Personal information
- Full name: Baltemar José de Oliveira Brito
- Date of birth: 9 January 1952 (age 74)
- Place of birth: Recife, Brazil
- Position: Centre back

Senior career*
- Years: Team / Apps / (Gls)
- 1972: Sport
- 1973–1974: Santa Cruz
- 1974–1975: Vitória Guimarães / 0 / (0)
- 1975–1977: Paços Ferreira
- 1977–1979: Feirense / 29 / (0)
- 1979–1980: Paços Ferreira / 30 / (0)
- 1980–1982: Rio Ave / 57 / (2)
- 1982–1983: Vitória Setúbal / 30 / (1)
- 1983–1985: Rio Ave / 65 / (4)
- 1985–1988: Varzim / 45 / (0)

Managerial career
- 1988: Varzim
- 1989–1994: Macedo Cavaleiros
- 1998–1999: Macedo Cavaleiros
- 1999–2000: Barrosas
- 2001: União Leiria (assistant)
- 2002–2004: Porto (assistant)
- 2004–2007: Chelsea (assistant)
- 2010: Belenenses
- 2010–2011: Al-Ittihad
- 2011: Al Dhafra
- 2012–2013: Grêmio
- 2013–2014: Al-Ittihad Tripoli
- 2015–2016: Espérance (assistant)
- 2016–2017: AEK Athens (assistant)
- 2018: Union Titus Pétange
- 2022–2023: Highlanders
- 2023–2024: Zimbabwe (interim)
- 2023–2024: Zimbabwe U-23 (interim)
- 2023–2024: Zimbabwe U-20 (interim)

= Baltemar Brito =

Brazilian footballer and coach (born 1952)

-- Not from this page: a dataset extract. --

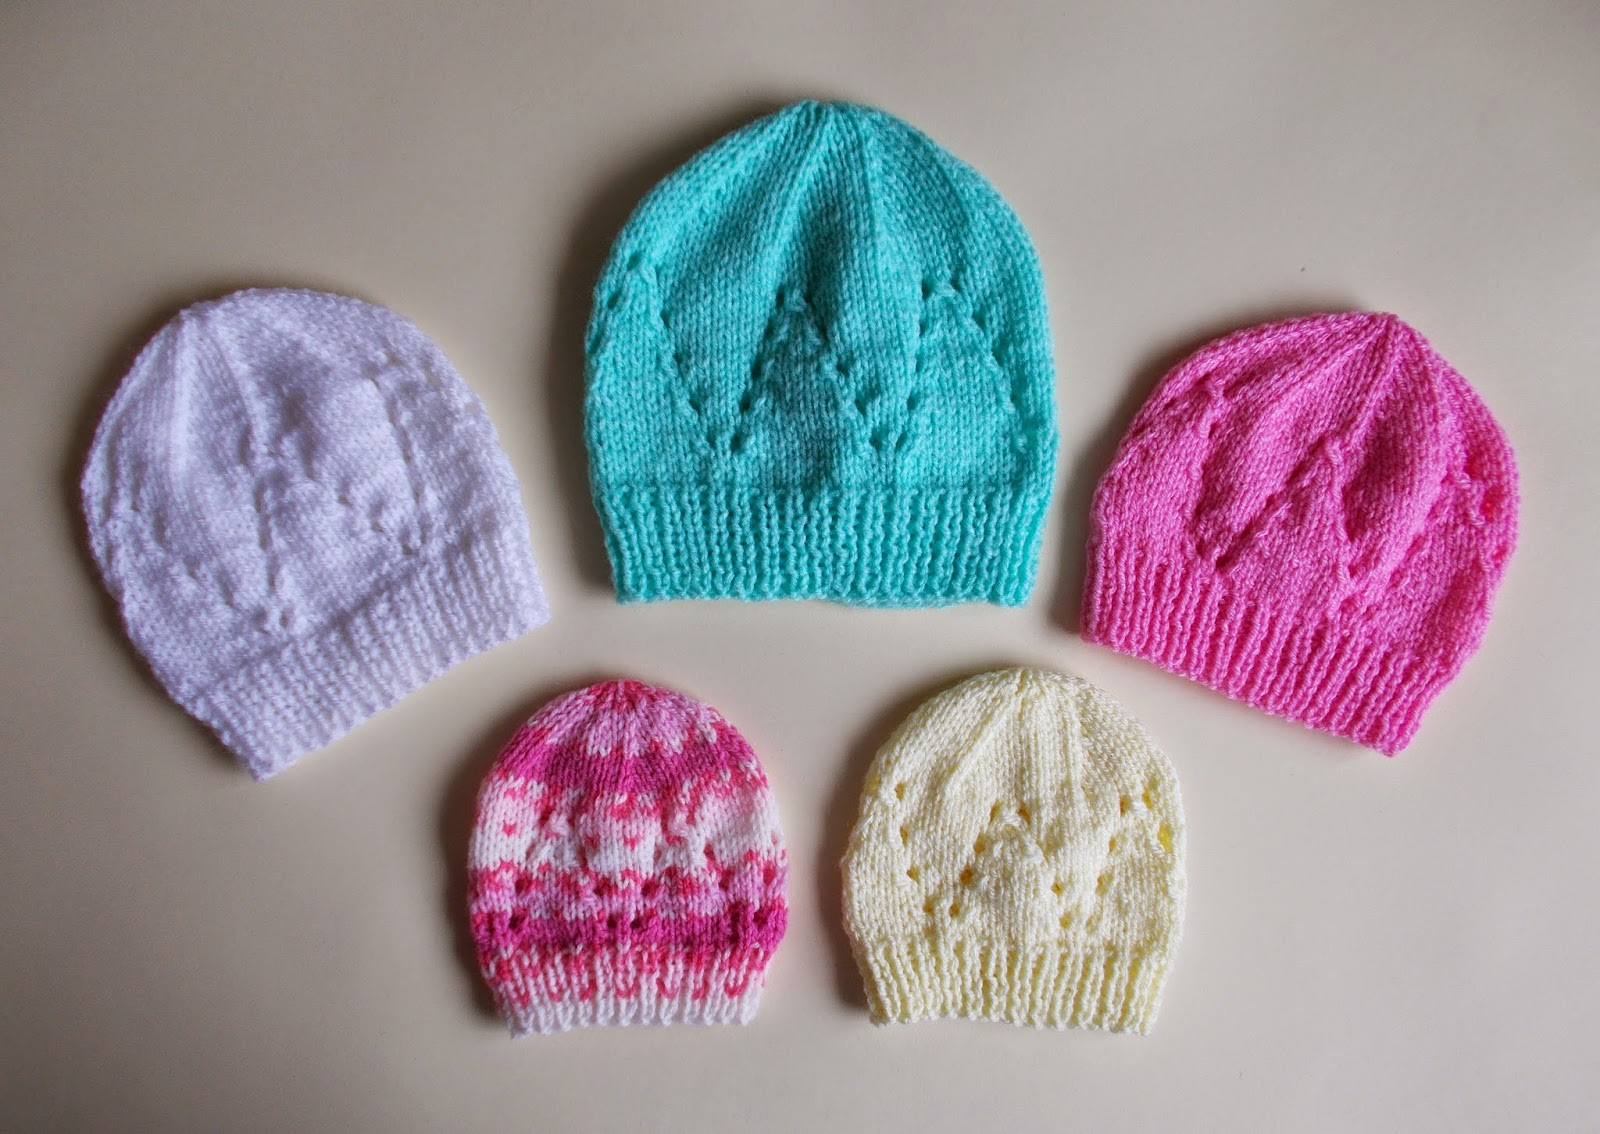 made-by-marianna: My Free Knitting Patterns

Baltemar José de Oliveira Brito (born 9 January 1952) is a Brazilian professional football coach and a former player who played as a central defender, who formerly served as the interim head coach of the Zimbabwe national football team.

==Playing career==
Born in Recife, Pernambuco, Brito spent the vast majority of his professional career in Portugal, representing Vitória Guimarães (no league games played), Paços Ferreira (two spells), Feirense, Rio Ave (two stints), Vitória de Setúbal and Varzim.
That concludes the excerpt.